Words have always been my strength, and I don't feel comfortable in my life when I'm not writing something. There've been times when I have been limited in my ability to write because of physical limitations. For me, it is like being without mental oxygen, like being a beached whale, a dolphin without fins.

So, is writing my purpose?

Indeed, at least in part, but I also discovered this other creative pursuit, this hobby, called scrapbooking, which involves writing, but it also involves colors, textures, design, all those things that intrigued and attracted me to fashion so many years ago. When I think about my purpose, what sounds a bell with resounding clarity it creativity. I'm a deeply creative person, and I believe that creativity heals, rejuvenates, makes us human beings better, heartier, healthier, happier.

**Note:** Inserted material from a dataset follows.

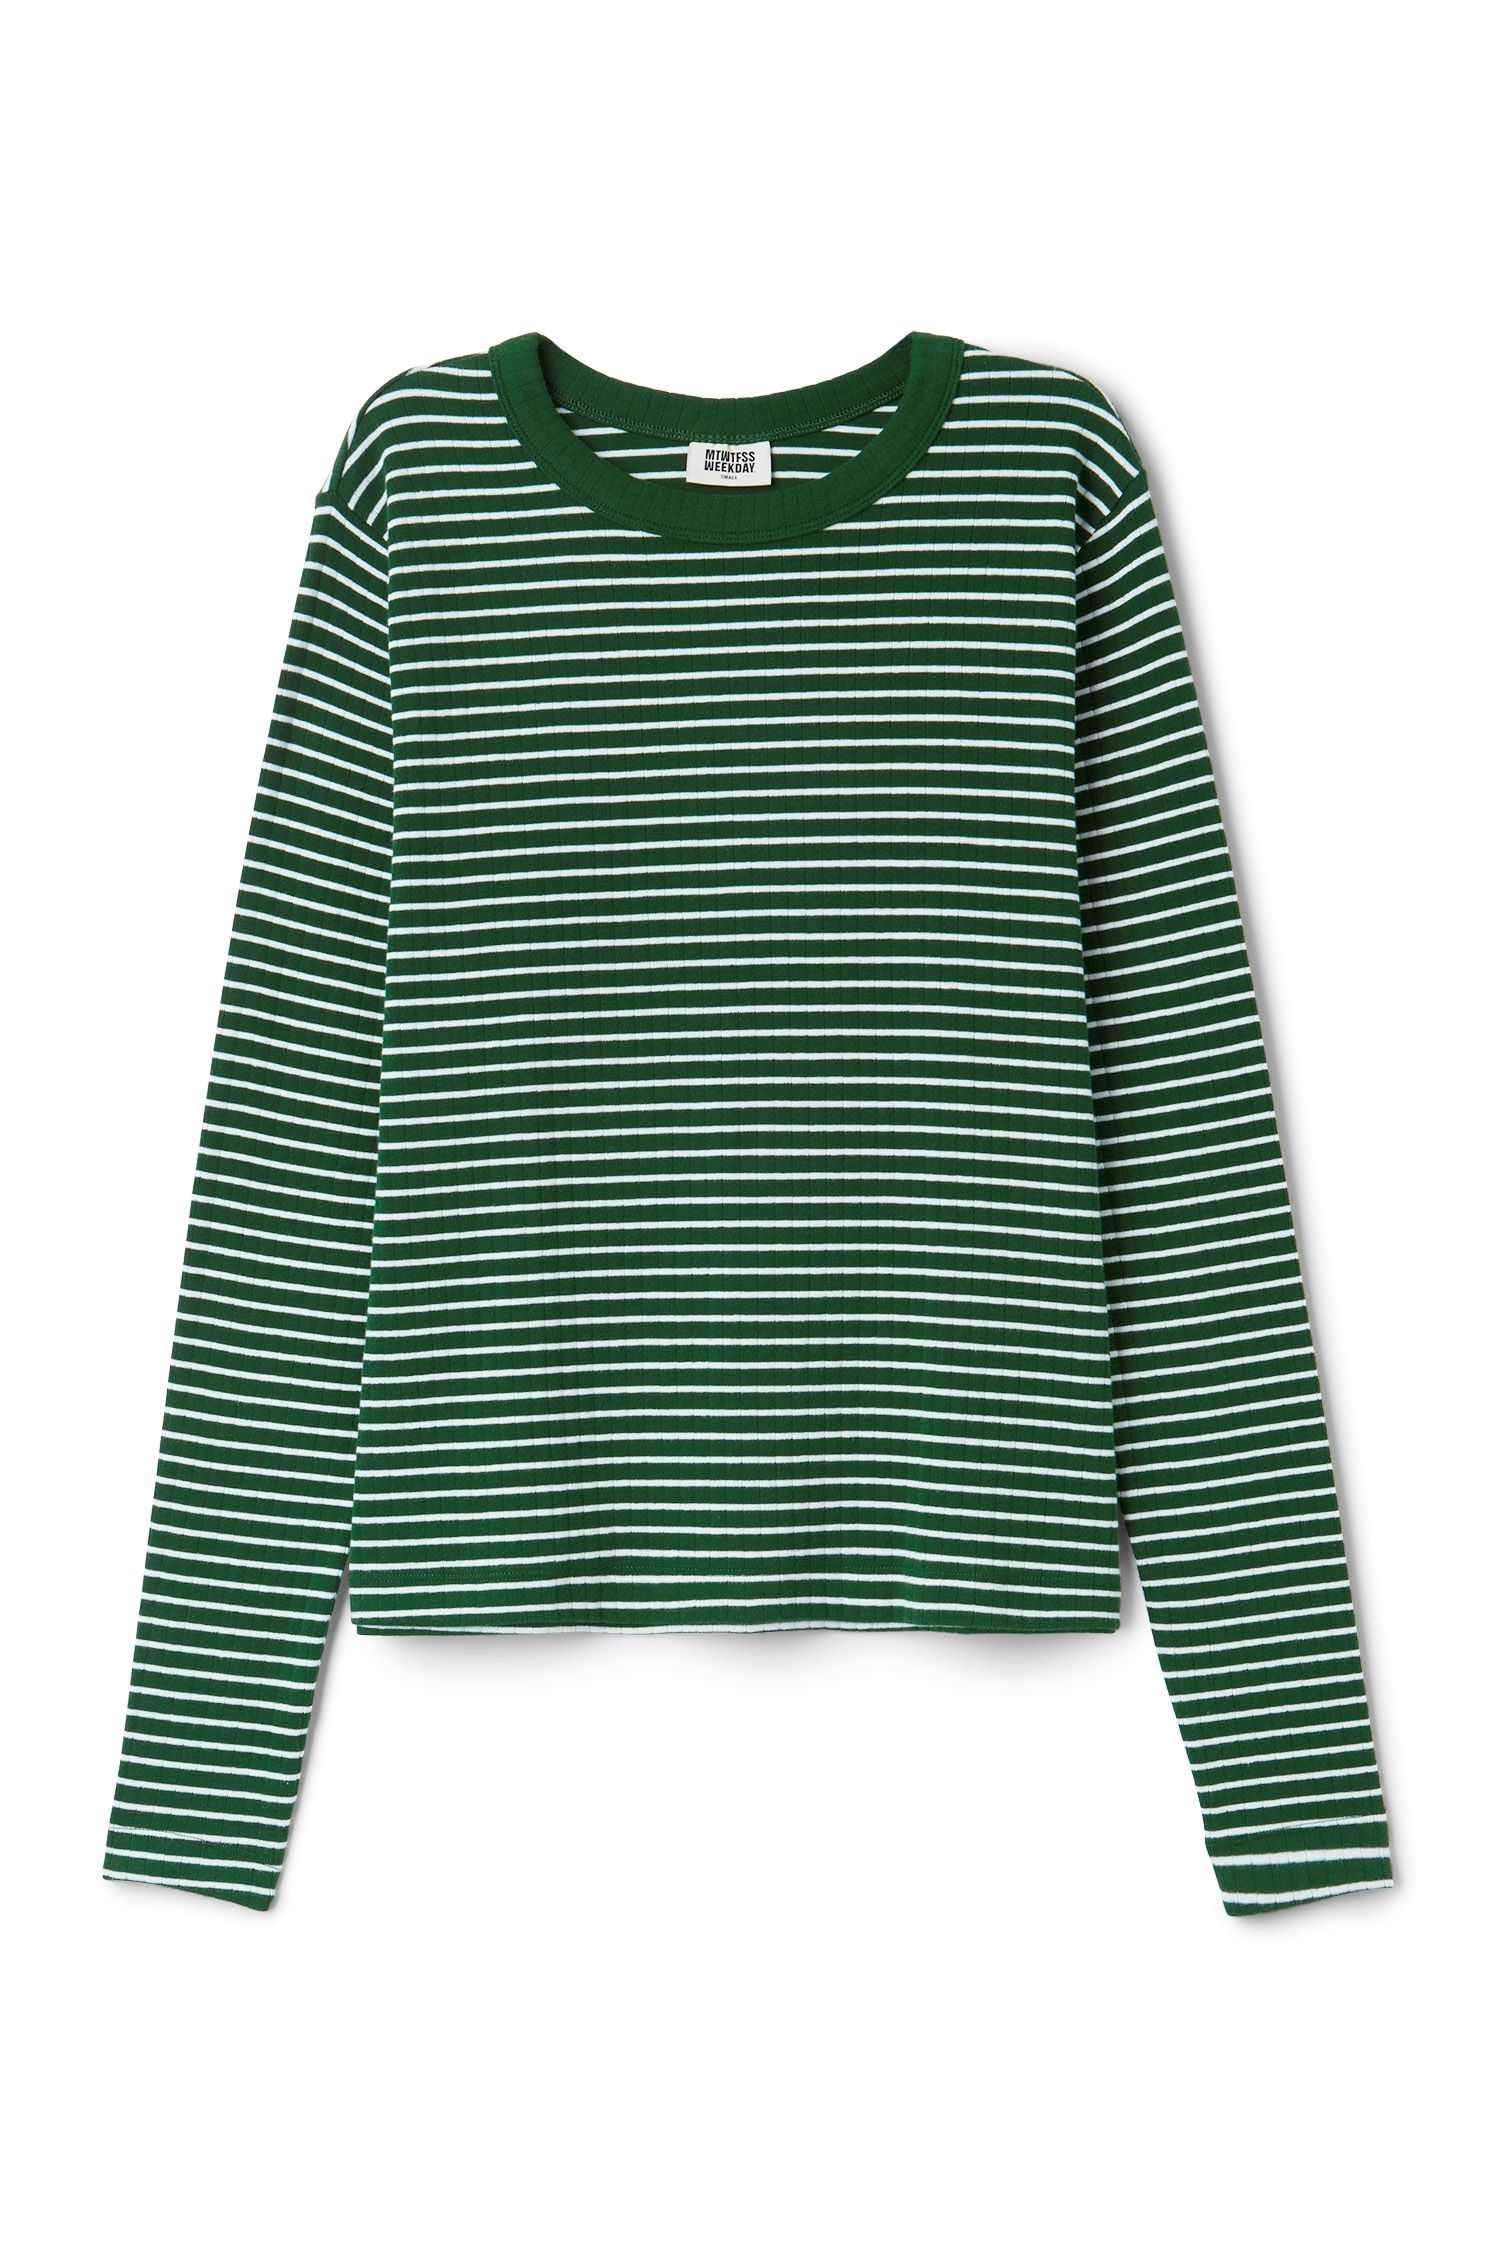 Weekday Image 4 Of Stripe Long Sleeve T Shirt In Green Dark Striped Long Sleeve Shirt Aesthetic Shirts Striped Long Sleeve

My purpose, in some as yet undetermined fashion, is to promote, teach, encourage, inspire creativity.

I'm practicing creativity myself on a daily basis. Living can be creative if you're paying attention and not just plodding along. Life is to be experienced openly. I try to open myself to new discoveries, new learning, every day. I've become, as forty approaches, aware of how fleeting life can be. Already, age and its resulting gravity have begun to sink into my consciousness. I don't have the time I used to think I had to decide. Living is for now.

I know that living creatively, continuing to play with color and design in the form of adhering pictures to cardstock and telling the accompanying story, continuing to write every chance I get and hone my craft, these are the daily work of finding my purpose and manifesting it in my life. The Universe is grand and open and full of opportunities. I know I am on the right path, and I can hardly wait to see just where it takes me.

Another Celebration

Not only am I on the brink of celebrating my birthday, today is the 18th anniversary of my friendship with Jill. Through so many years, so many joys and sorrows, so much of living, you have been an anchor and delightful companion. I love you, Jill. How lucky I am to have you as my best friend, my true sister. Happy Friendship Anniversary!